Mark Bauerlein in American Greatness:

“The deliberate national penance that most Germans take for granted offers a striking contrast with the ways American have confronted their own national crimes.”
That’s a line from an article last month in The Atlantic. The article focuses on a supposedly sad divergence: while Germans have fully acknowledged their responsibility for the Holocaust and accepted their guilt, Americans have failed to do the same with their history of slavery and Jim Crow.
The comparison is the kind of stretch that only a pampered, liberal, Ivy-League educated professor who has spent lots of time in Europe could make. In truth, there is little evidence in the Atlantic essay that the author knows more about the antebellum and post-Reconstruction periods than one would acquire in a freshman U.S. history course. (She is a philosophy professor who now heads a center in Potsdam.) Nor does she acknowledge the relentless focus on African American history in high schools and colleges, among national book award winners, and by Hollywood. She seems to regard American slavery, too, as a perverse and unique condition, even though in 1800 slavery existed on every continent and had existed forever before, and that the Arab and South American slave trades dwarfed the North American market.
But when you’re voicing common liberal wisdom, you needn’t bother with historical particulars. Generalizations pass without scrutiny. Among the professors, you see, American guilt is a bien pensant basic. People have built successful careers rehearsing it over and over. . . .

You can read the whole thing, but before I say anything else, let me say this: Nothing is analogous to the Holocaust.

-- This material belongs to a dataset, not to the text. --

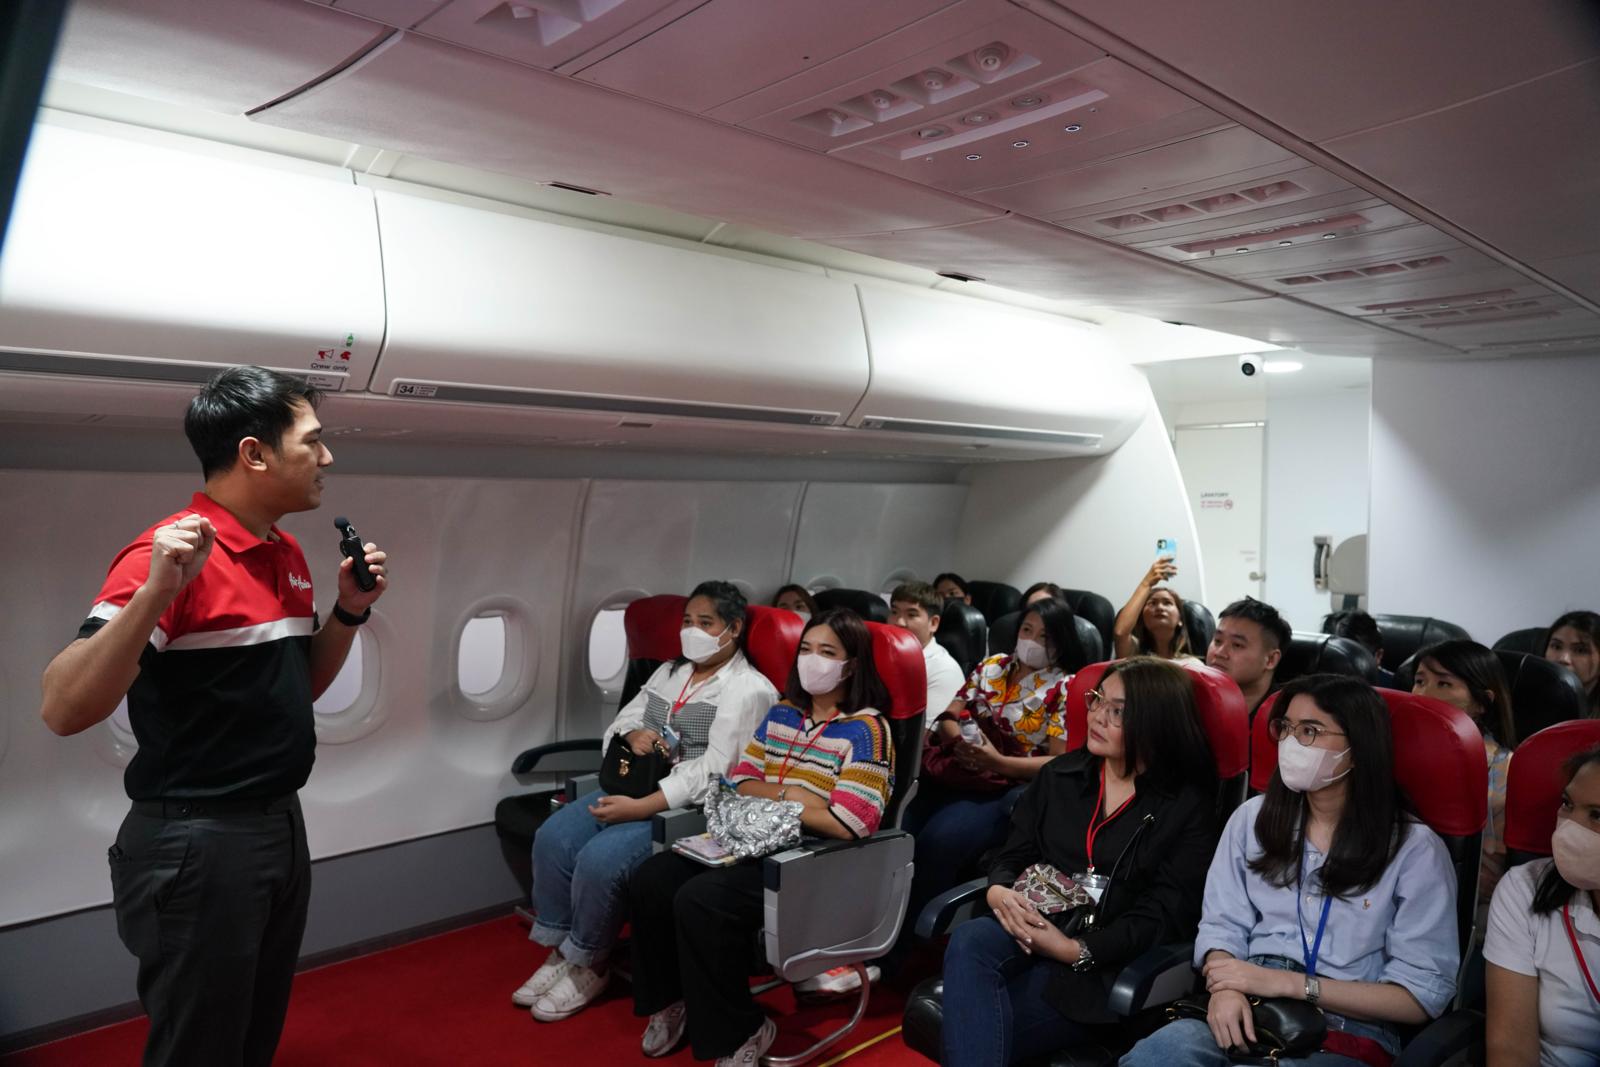 5 บทเรียนสุดสนุกจากการร่วมกิจกรรม “DRILL YOUR PURPOSE BOOTCAMP” เรียนรู้การบริหารจัดการคนสไตล์ AirAsia

There have been other totalitarian regimes in modern history, but Adolf Hitler and the Third Reich were sui generis. Every attempt to condemn someone or something — anyone or anything — by comparing them to Hitler and the Nazis is an insult to historical memory. That the author of the Atlantic article, Susan Neiman, is herself a Jew does not give her license to make such a false and insulting analogy.

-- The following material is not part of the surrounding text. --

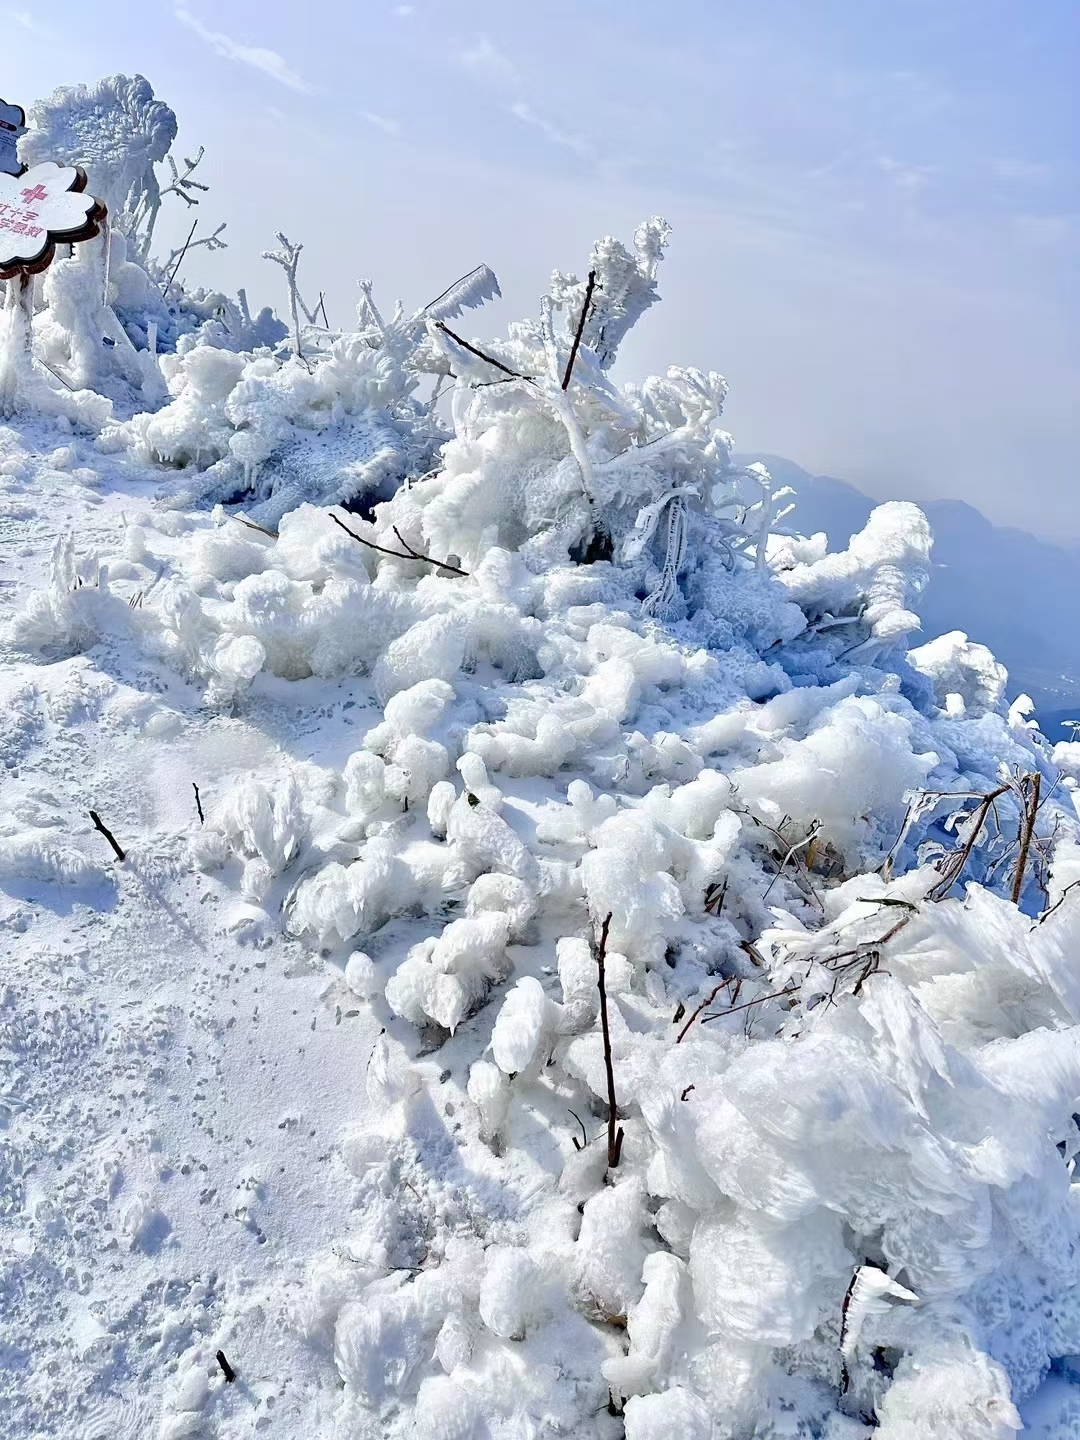 #打卡最美雪景 生活融入自然 感谢大自然的馈赠

As Mark Bauerlein points out, slavery in the United States was not without historical precedent. If the institution of slavery in America differed from slavery in Cuba, Brazil or other nations in the Western hemisphere, the difference does not support an anti-American interpretation. Certainly slavery was not worse in the United States than in Latin American countries; in particular, slavery in the Caribbean sugar plantations was a deadly business, mainly due to the tropical climate. African slavery, which had long been established among the Arabs of North Africa, was imported to the New World to remedy a labor shortage in the European colonies. Every colonial power — Spain, Portugal, France, the Netherlands, England — resorted to slavery, and only anti-American prejudice could explain why the history of slavery is used to condemn the United States in a way it is never used to condemn any other nation. And as for Jim Crow, it ought not be forgotten that it was a segregated America that defeated Nazi Germany in World War II, which makes no sense if Jim Crow was analogous to the Holocaust.

In my lifetime — today is my 60th birthday — I’ve seen the history of slavery employed two different ways, equally dishonest. First, slavery (and racism generally) was portrayed as an evil unique to the South. This was just a way for liberal Yankees to put down Southerners, to smear the population of an entire region as morally inferior. Being a student of history, I was always willing to defend my homeland against such insults, because the fact is that the North was by no means innocent in regard to racism, or slavery for that matter. Go to Providence, Rhode Island, and look at those fine colonial mansions — how do you suppose the commercial shippers of Providence made their fortunes? What cargo might have been so lucrative as to have made such handsome profits possible? Widespread ignorance about the North’s role in slavery is, of course, a legacy of the North’s victory in the Civil War. “The winners write the history books,” as they say, and so anti-Southern propaganda (which had done so much to foment the crisis that led to the war) was smuggled into history, branding the South with a hateful stigma. To this day, many Yankees are utterly ignorant about the true facts. “Slavery’s hidden history in the mid-Hudson Valley coming to light,” was a headline last year in the Poughkeepsie (N.Y.) Journal, where most local residents had no idea that slaves once worked the farmlands of the region.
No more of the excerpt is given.